Source: Outside the Reality Machine
From the Magician Awakes
by Jon Rappoport
April 12, 2017
Here are brief excerpts from my work-in-progress, The Magician Awakes:
“Nature doesn’t change its fundamental processes. They continue. They repeat, through endless generations. A tree doesn’t suddenly become a glass tower. But individuals can change realities at the drop of a hat. This is not considered important. But it is important.”

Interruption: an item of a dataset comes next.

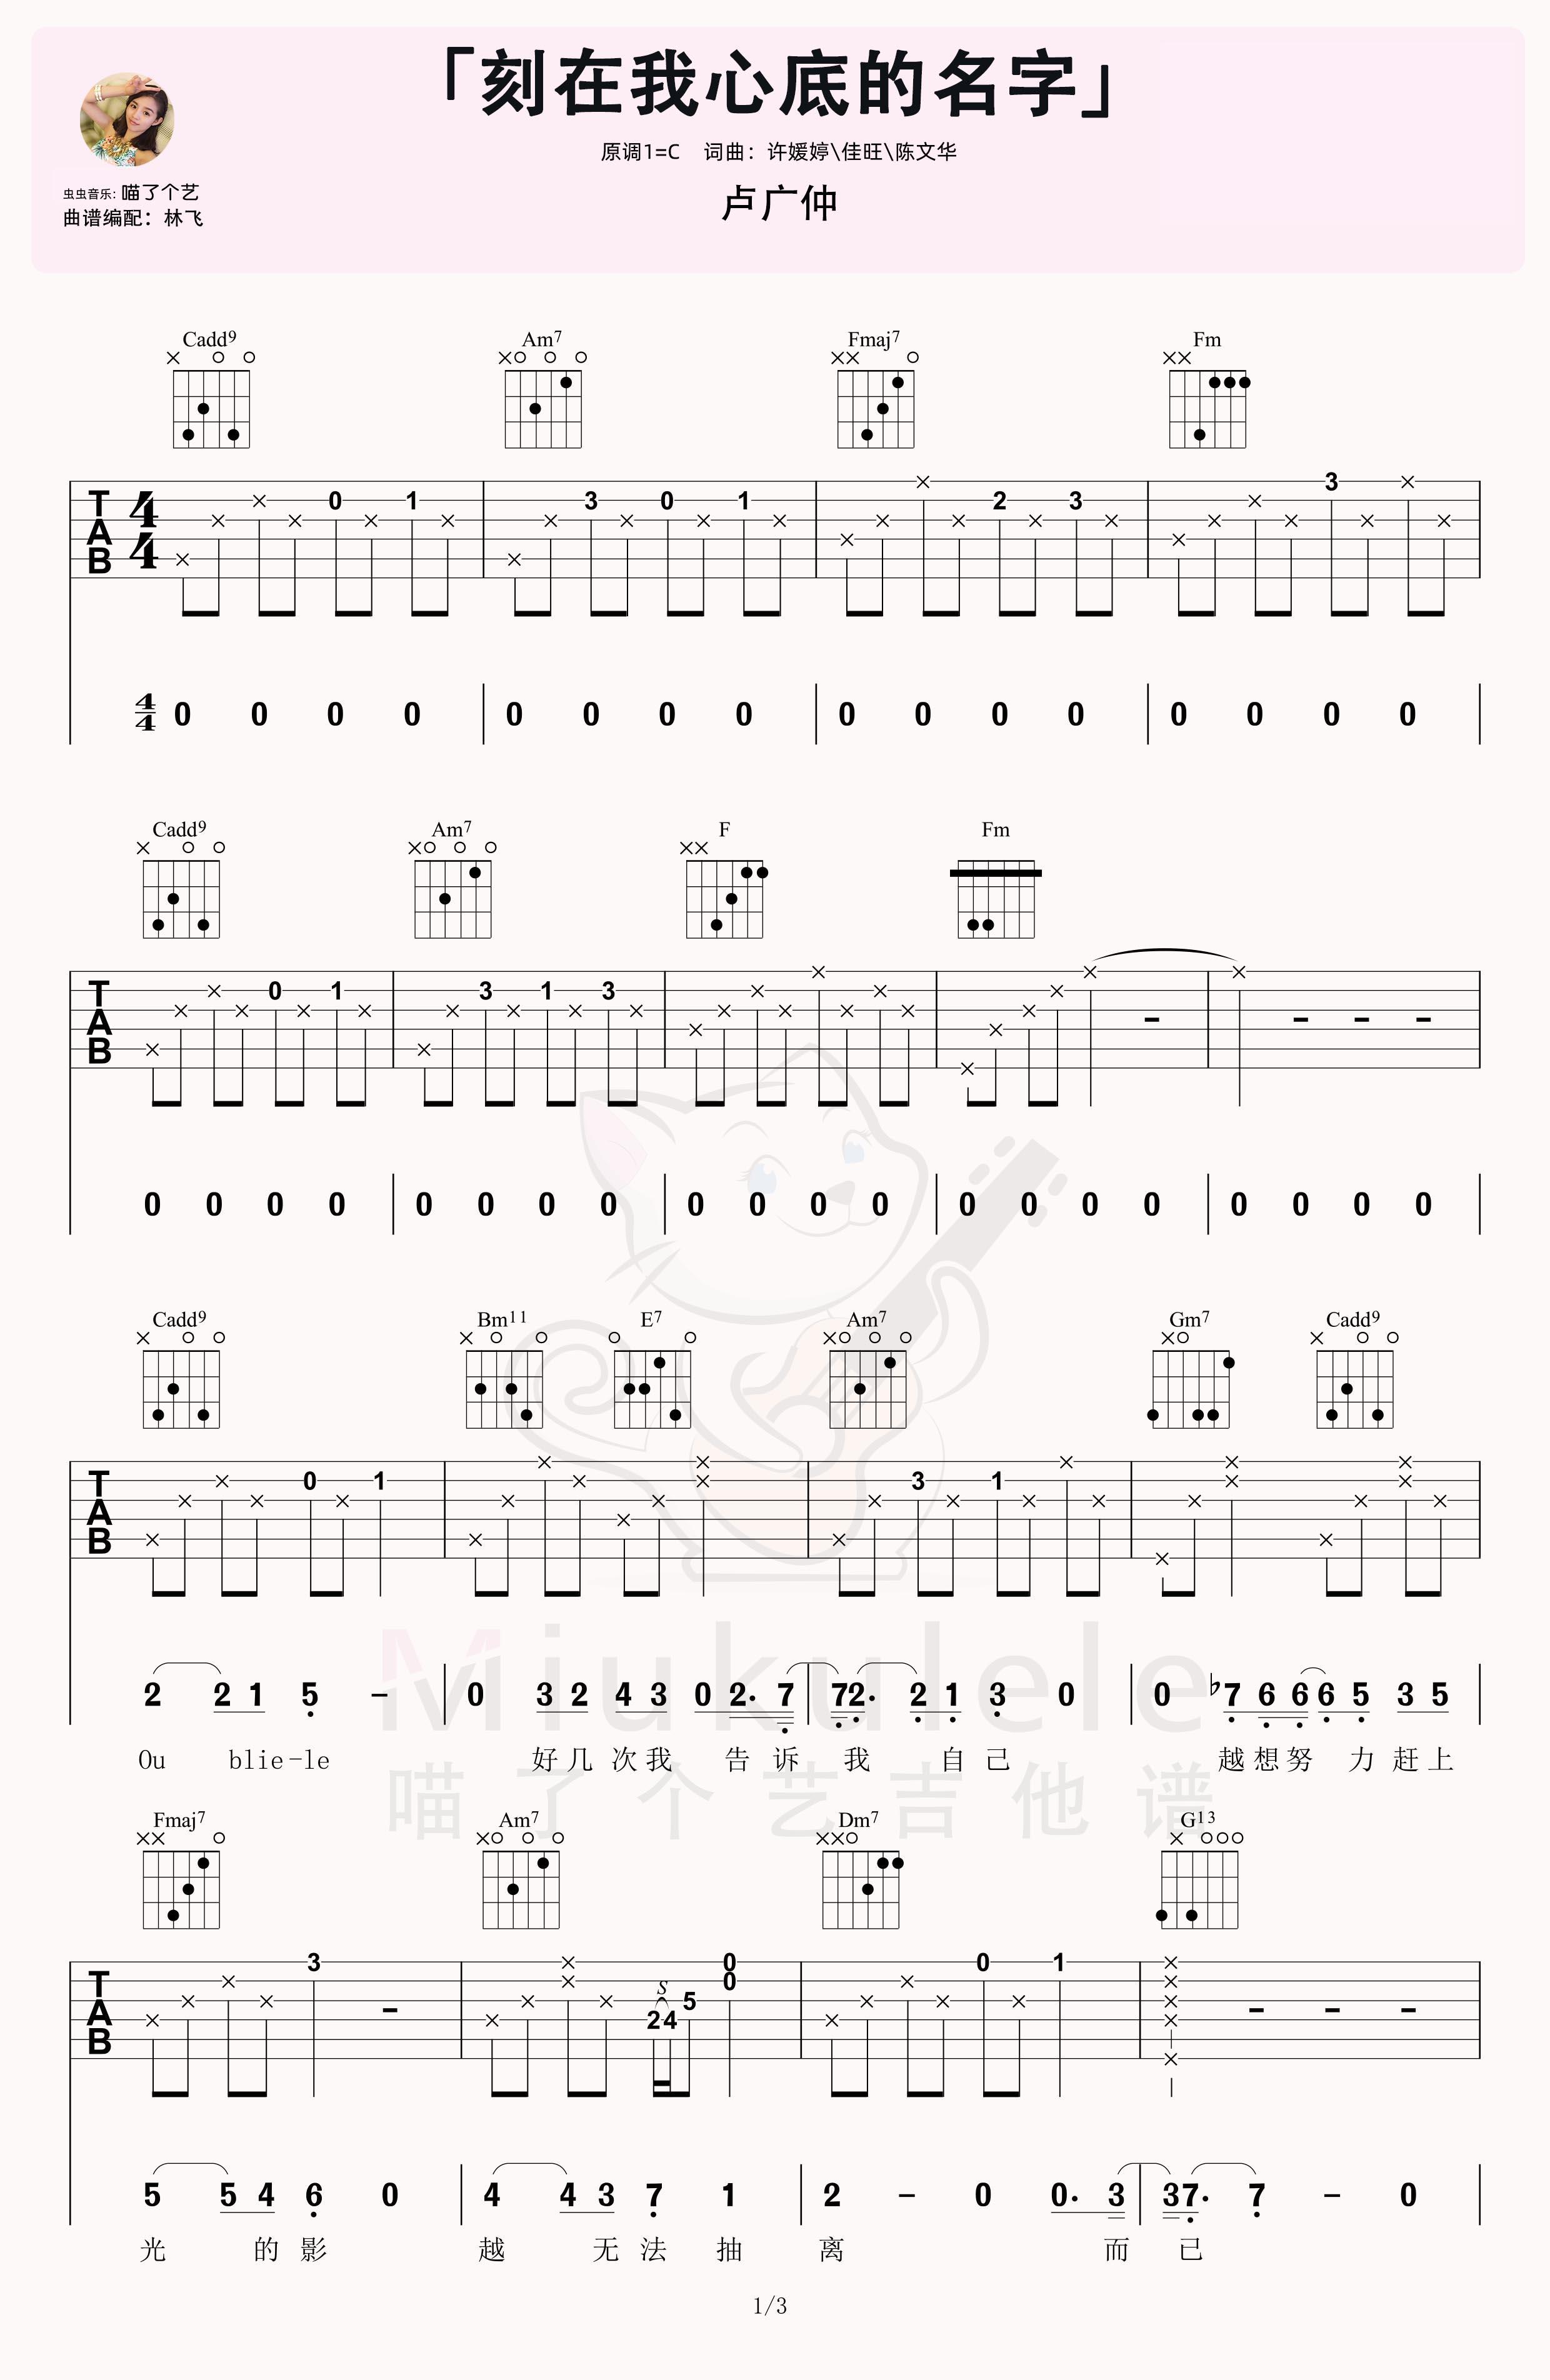 卢广仲《刻在我心底的名字》原版吉他弹唱六线谱

“What is called ‘subjective’ is thought of, thanks to psychology, as inferior to ‘the real world’. But why? Why is this the guiding principle? Why are people cut off from what they dream after they dream it? You can search heaven and earth for an answer, and you won’t find a good one. But the relationship between you and what you dream is vital. It is you looking at your own dream and seeing something there, or inventing something there. That connection has been ignored. It is as if you have a private dynamo in your basement, and it can supply all the energy you need, but instead you continue to pay your bill to the public energy company, and you believe the public energy is superior.”
“Suppose you created something you love. You would look at it. You would find something there. You would, in your private thoughts, build something more on what you found. This process is life blood. It is a key to magic. It is not taught, because it can’t be taught. There is no system for it. It is a route by which you discover that your world is more important than the physical world.”
“In my book, The Secret Behind Secret Societies, I detail my relationship and work with a brilliant healer, Richard Jenkins. He made sure I understood he was pursuing a path unique to him. He was improvising in the moment. He wasn’t following a protocol. The physical world and its properties were, for him, a minor fact. By doing his healing, he was introducing a new element into the world: spontaneity. And that alone was enough to heal. It was the ‘other life’, as he put it.”
“I have done a bit of work in theater. This is what I realized. If you had an audience, and they sat there and watched actors improvise on a given premise or situation, over and over, for a few hours, nothing might happen. But then, all of a sudden, one improvisation would take them by storm. It would truly be spontaneous. It would induce a kind of healing or magic, and the audience would be taken out of themselves. They would be set on fire, and the fire would be the magic of the moment, entirely fresh, new, bubbling beyond the rules of cause and effect. No proof of this would be needed. The audience would feel it, experience it.”
“As wonderful as you might perceive the physical world and nature to be, it has a built-in rule. All its changes occur within certain limits. In this sense, the world is established against those changes which could be called magic. The world is proof that magic can’t happen. This is a lie, a very clever lie. It is an illusion. Why bother to invent an illusion unless it is convincing? The ancient Tibetans understood all this. They engaged in practices designed to set aside the illusion and render it null and void. In this way, they brought in imagination as the prime originator. They were revolutionaries. That’s why theocrats labored to take over the Tibetan culture, and that’s why, at bottom, the Chinese State felt it had to dismantle Tibet and its tradition…”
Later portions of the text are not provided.